# Automatic Differentiation

## Automatic Differentiation

Automatic differentiation computes derivatives by applying the chain rule to the operations of a program. The input is ordinary code that computes a value. The output is code, data, or runtime behavior that also computes derivative information.

AD sits between numerical differentiation and symbolic differentiation.

Numerical differentiation estimates derivatives from repeated function evaluations.

Symbolic differentiation rewrites formulas into derivative formulas.

Automatic differentiation follows the actual computation and propagates derivatives through each primitive operation.

Suppose a program computes

$$
y = f(x).
$$

Automatic differentiation evaluates $f(x)$ and, at the same time or in a related pass, computes derivative information such as

$$
f'(x),
\qquad
\nabla f(x),
\qquad
J_f(x)v,
\qquad
v^T J_f(x).
$$

The exact object depends on the AD mode and the shape of the function.

## Programs as Compositions

A program can be viewed as a sequence of elementary operations.

For example,

$$
y = \sin(x^2 + 1)
$$

can be written as

$$
v_1 = x^2,
$$

$$
v_2 = v_1 + 1,
$$

$$
v_3 = \sin(v_2),
$$

$$
y = v_3.
$$

Each step is simple.

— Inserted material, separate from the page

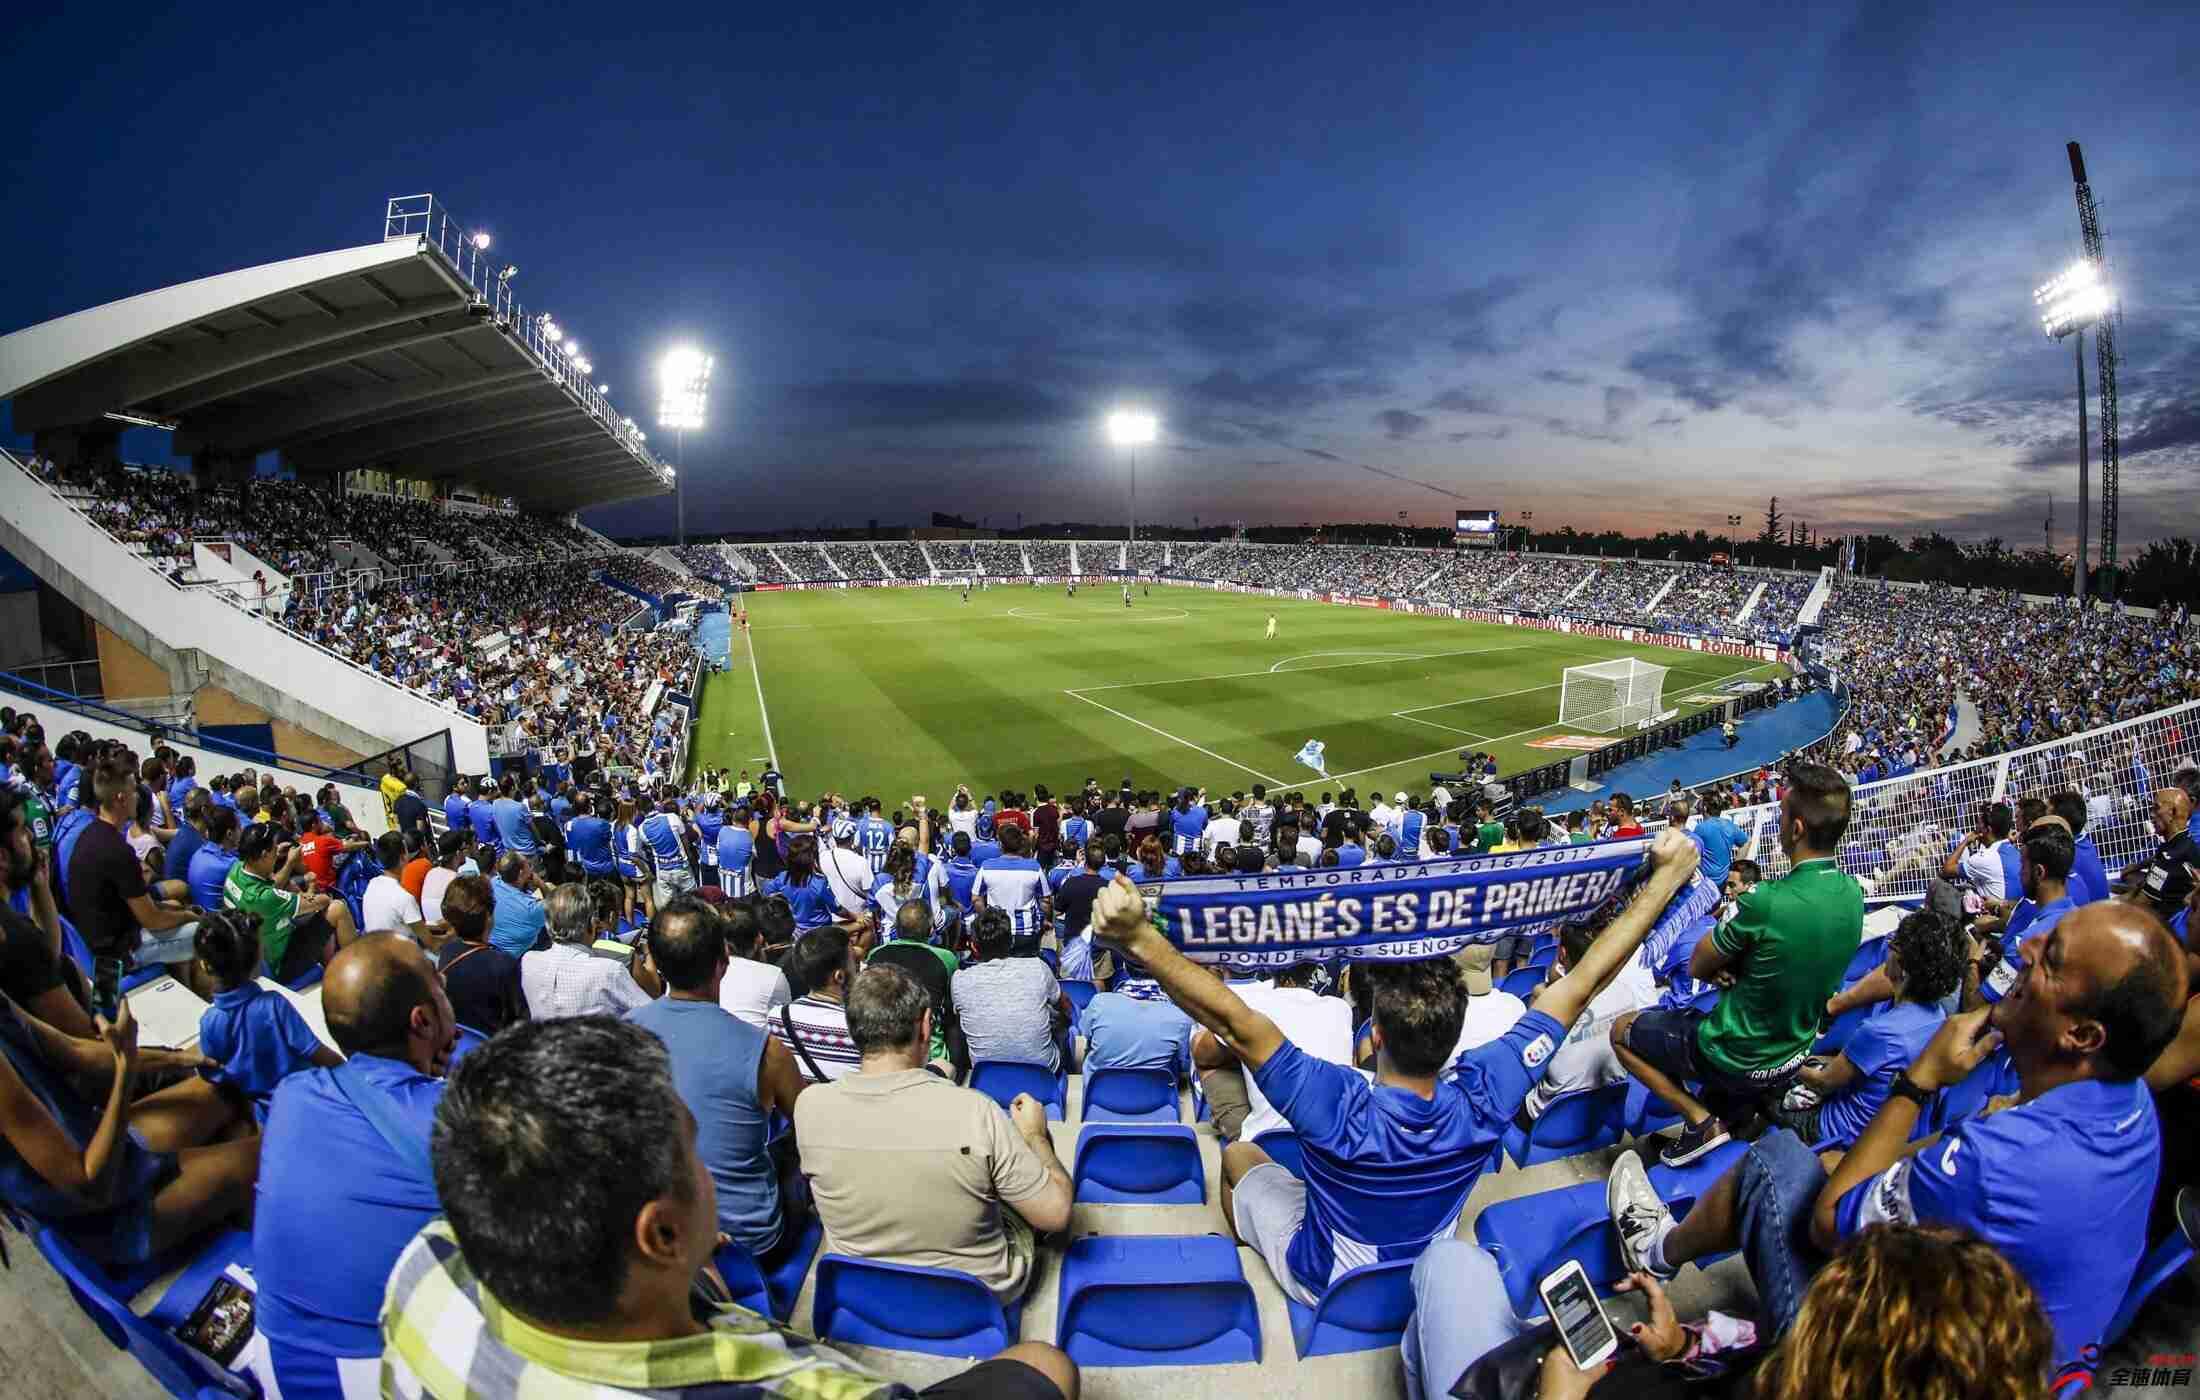 球场故事之莱加内斯:马德里南部伟大爱情故事
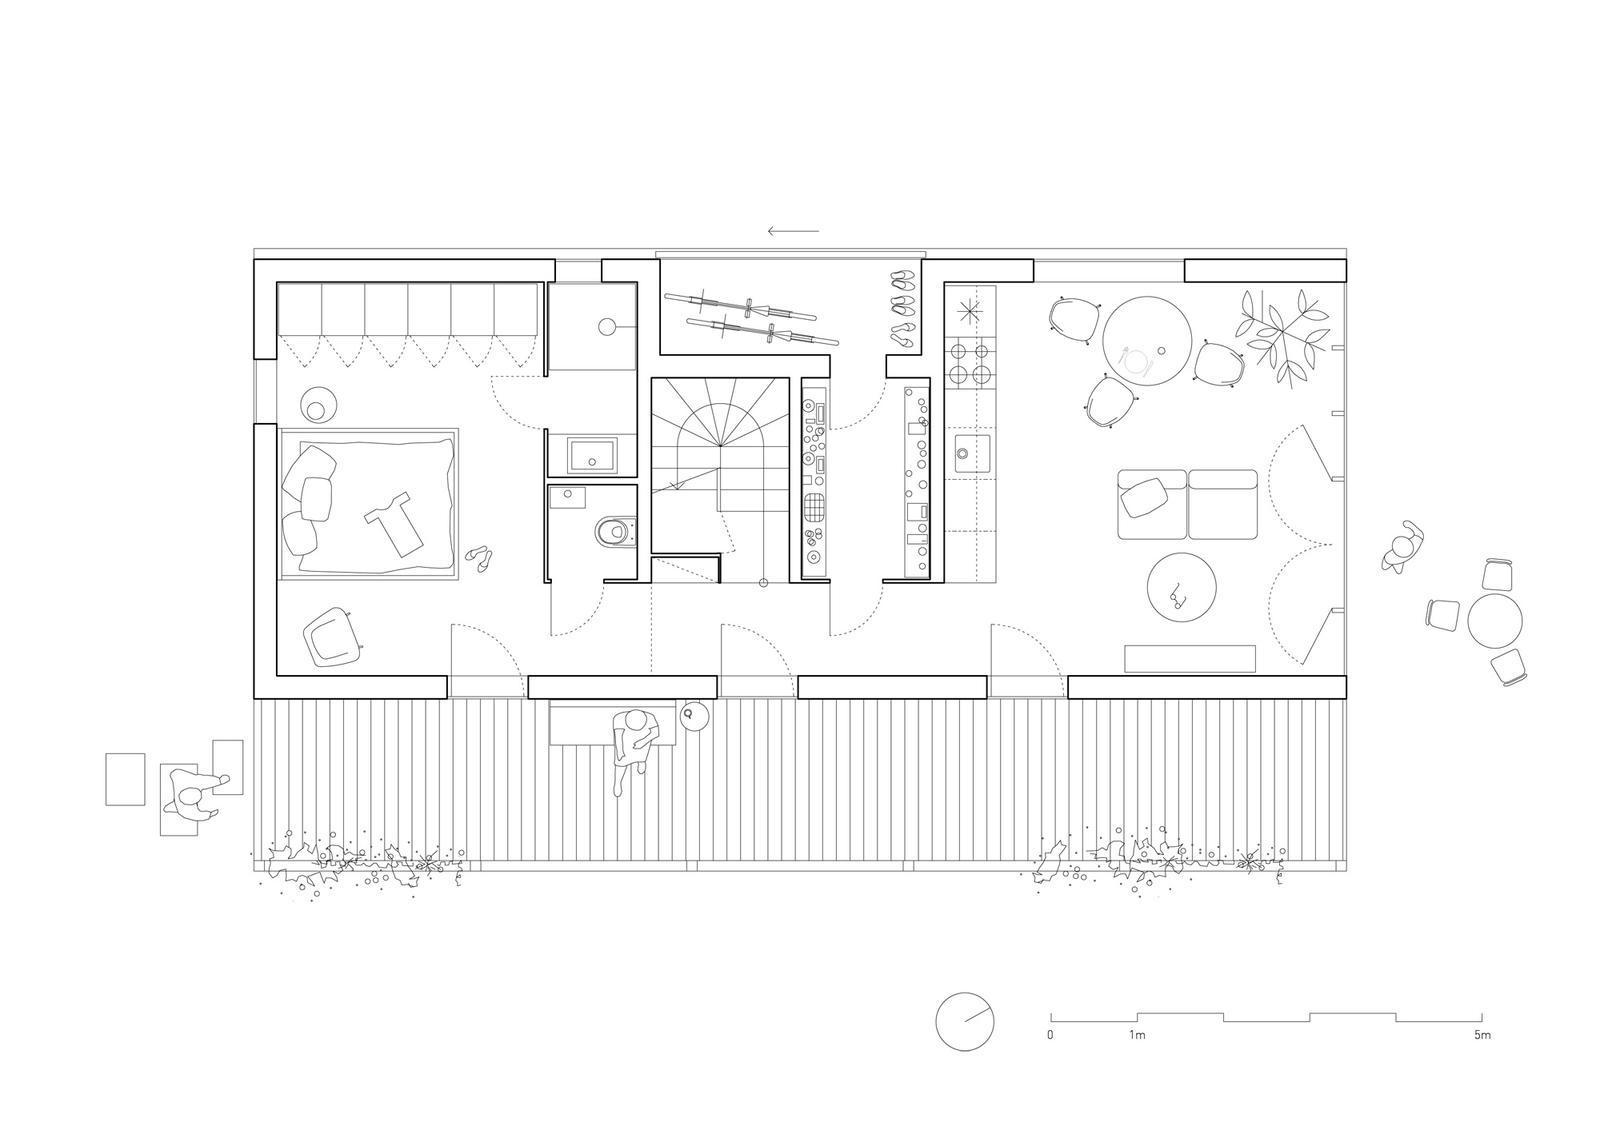 IST Family House / Jrkcv (8)

Each step has a known local derivative. Automatic differentiation combines these local derivatives.

For the same computation,

$$
\frac{dv_1}{dx} = 2x,
$$

$$
\frac{dv_2}{dv_1} = 1,
$$

$$
\frac{dv_3}{dv_2} = \cos(v_2).
$$

The full derivative is the product of local derivatives:

$$
\frac{dy}{dx} =
\frac{dv_3}{dv_2}
\frac{dv_2}{dv_1}
\frac{dv_1}{dx} =
\cos(x^2+1)2x.
$$

AD does this mechanically for large computations.

## Elementary Operations

An AD system needs derivative rules for primitive operations. These operations may include arithmetic, transcendental functions, comparisons, indexing, reductions, matrix multiplication, convolution, and other library kernels.

For scalar arithmetic, the rules are familiar:

| Operation | Value | Local derivative |
|---|---:|---:|
| Add | $z=x+y$ | $dz=dx+dy$ |
| Subtract | $z=x-y$ | $dz=dx-dy$ |
| Multiply | $z=xy$ | $dz=y\,dx+x\,dy$ |
| Divide | $z=x/y$ | $dz=(y\,dx-x\,dy)/y^2$ |
| Sine | $z=\sin x$ | $dz=\cos x\,dx$ |
| Exponential | $z=\exp x$ | $dz=\exp x\,dx$ |
| Logarithm | $z=\log x$ | $dz=dx/x$ |

For array operations, the same idea applies, but the derivative rule may involve tensor shapes, broadcasting, transposes, reductions, or sparse structure.

For example, if

$$
Y = AX,
$$

then a perturbation satisfies

$$
dY = A\,dX + dA\,X.
$$

This local rule is enough to propagate derivatives through a matrix multiplication.

## Forward Mode

Forward mode propagates derivatives in the same direction as ordinary evaluation.

For each variable $v$, the system carries both the value $v$ and a tangent $\dot{v}$. The tangent describes how $v$ changes with respect to a selected input perturbation.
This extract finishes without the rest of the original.